= Myrtle Houng On Yee =

(Australian businesswoman (1914-1997)

Myrtle Houng On Yee (born Fong Kim Lan, 鄺金蘭) (29 June 1914 - 24 November 1997) was a Chinese-Australian businesswoman and soft drink manufacturer from the Northern Territory.

She was a leader within the Darwin Chinese community and a matriarch of her family.

== Life in the Northern Territory ==
Yee was born in the Brocks Creek mining region of the Northern Territory and was the daughter of Chinese-born parents Fong Ding (鄺敬肇) and Wong See (黄氏) who worked as market gardeners and miners. She was the sixth child of nine and, soon after her birth, the family moved to Pine Creek.

In Pine Creek Yee attended school intermittently, due to the care of the younger children in her family, until the age of eleven when her father died and the family moved to Emungalan, in Katherine. There she started helping more with her families businesses, including helping her elder brother (George Lim) at his butchers shop and making flour deliveries by car. Cars were rare at this time and Yee was not legally allowed to drive, as she was only 13, but it appears to have the blessing of the local police sergeant.

In 1928, at the age of 15, it was reported with admiration in the Northern Territory Times that she had driven the dangerous roads between Katherine and Pine Creek, 92 km, to assist her mother who needed medical attention. They called these roads "the worst in Australia" and that although the journey took 14 hours she was able to make it without trouble and that the car was "without a scratch".

On 12 May 1930, at the age of 16, Yee married Charlie Houng On Yee (餘洪安) in a marriage that had been arranged for them. Charlie was also an Australian-born child of Chinese migrants. Their marriage, at the Kuo Ming Tang buildings in Darwin, was conducted by the Darwin branch of the Kuomintang. After their wedding they honeymooned in China, which included visiting Charlies mother in Taishan, for a year.

On their return, they lived with Selina Hassan in Darwin and they partnered with in her tailoring business. Soon after the couple also opened their own laundry business, known as ‘Charlie Houng On and Myrtle Laundry’ and Charlie also obtained a contract to sell Malvern Star bicycles; later, in 1940, Yee was the sole agent for this contract.

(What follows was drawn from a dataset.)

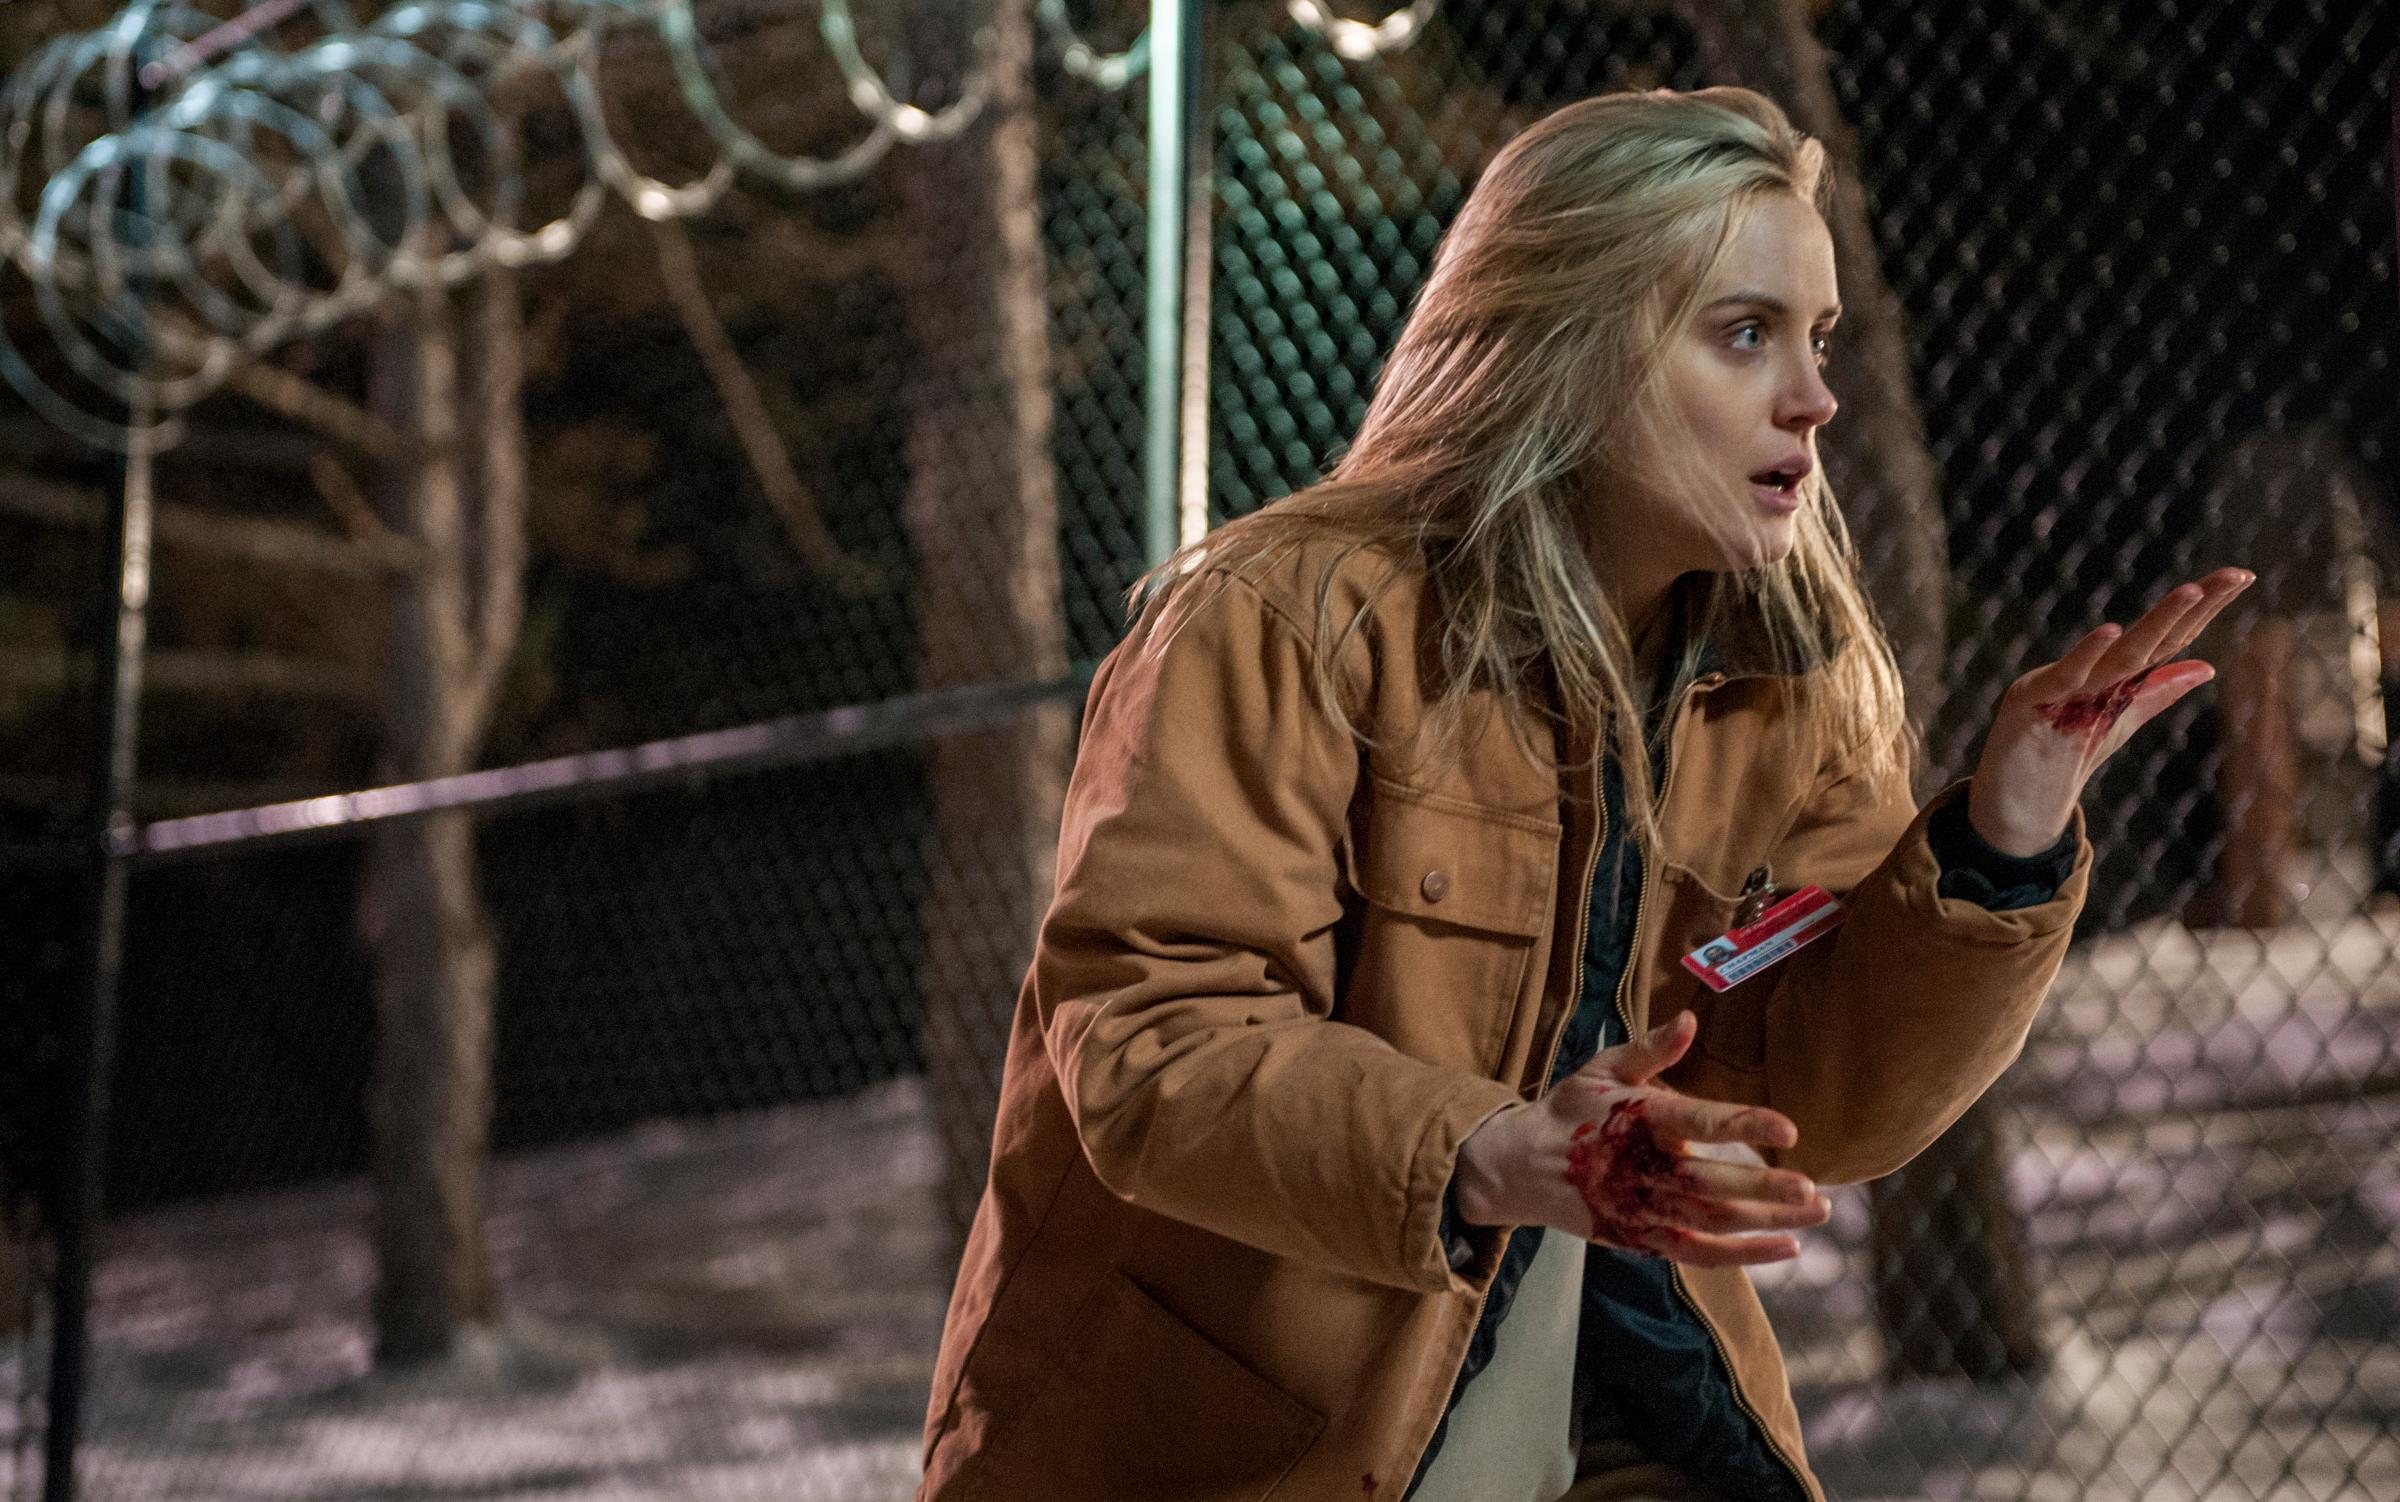 Taylor Schilling in a scene from NetflixÕs ÒOrange is the New BlackÓ Season 2. Photo credit: Jessica Miglio for Netflix.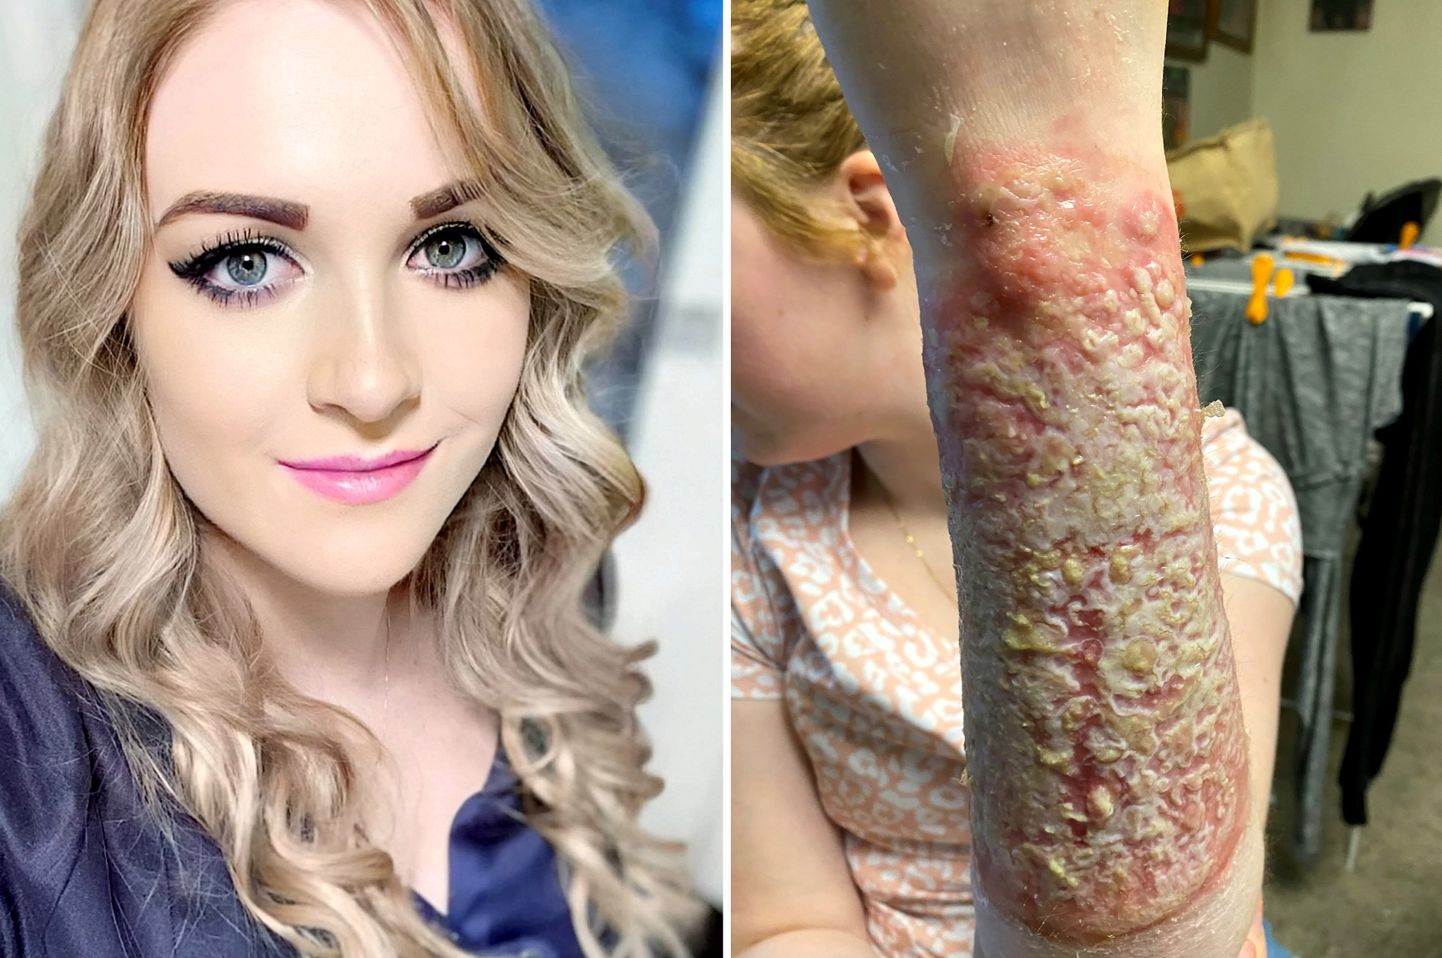 Jenna Allen (L) and her arm (R).  A venomous spider bite has left a mum with $1.3k a WEEK medical bill, unable to hug her kids and at risk of cancer.  See SWNS story SWSMspider.  Jenna Allen, 28, was volunteering in her hometown, Donald, Victoria, Australia, after severe floods ravaged the area in November 2014.  She reached into a box to get a pair of shoes when she was bitten by a highly venomous Redback spider - also known as the Australian black widow - on her left arm.  Instantly her skin reacted, and Jenna had goose bumps up her left arm, stomach cramps and vomiting.  The local hospital didn’t have any antivenom and Jenna had to travel an hour to another hospital - where she was given two doses and admitted to intensive care.  Jenna was transferred to the Bendigo Hospital, Victoria, for two months where she had a skin graft.  This worked for a year but then a mosquito bite sized pinprick resurfaced which burst.  Her unhealed wound now causes her horrendous pain and has to be constantly bandaged.  The dance teacher is petrified she will get cancer as medics have detected pre-cancerous cells in the wound.  Jenna has health insurance provided by medicare but because her condition is so exceptional, not all of the sky-high costs aren't covered.

Between 1930 and 1940 Yee and Charlie had four sons, Ronald, Raymond, Ken and Maurice. Their first child Ronald was delivered by local midwife Jane Elizabeth Tye and Raymond by Selina Hassan but for her youngest children she delivered by herself and returned to work within an hour; going to a doctor was not considered and she believed that 'the show must go on'.

In 1941, along with her husband and two of her brothers, Ernest and William, Yee ran and did the mixing at the Darwin Aerated Water factory until, later that year, she was evacuated from Darwin in the lead up to the Bombing of Darwin. She left with her four sons on the SS Montoro, which was the last civilian ship to leave and, afterwards, her factory was requisitioned by the army until 1946.

Yee first settled in Brisbane, where she stayed with family, until Charlie was later evacuated and they went to live together in Sydney where they operated a market garden in Botany and later opened a fish and chip shop in Glebe.

In 1946 Yee and her family were able to return to Darwin and to their factory which they ran until around 1966 when she took a year long international holiday which included visiting Europe and the United States.

In 1974, during Cyclone Tracy, Yee lost her home and many of their properties and were forced to sell much of it in order to re-establish themselves financially. During the worst of the cyclone Yee hid with her family in a bathroom for many hours and later called it ‘a nightmare … you couldn’t describe it'.

Yee died on 24 November 1997 in Darwin having survived her husband by one year.

== Oral history ==
Yee, alongside her husband, recorded an oral history with Library & Archives NT in 1981.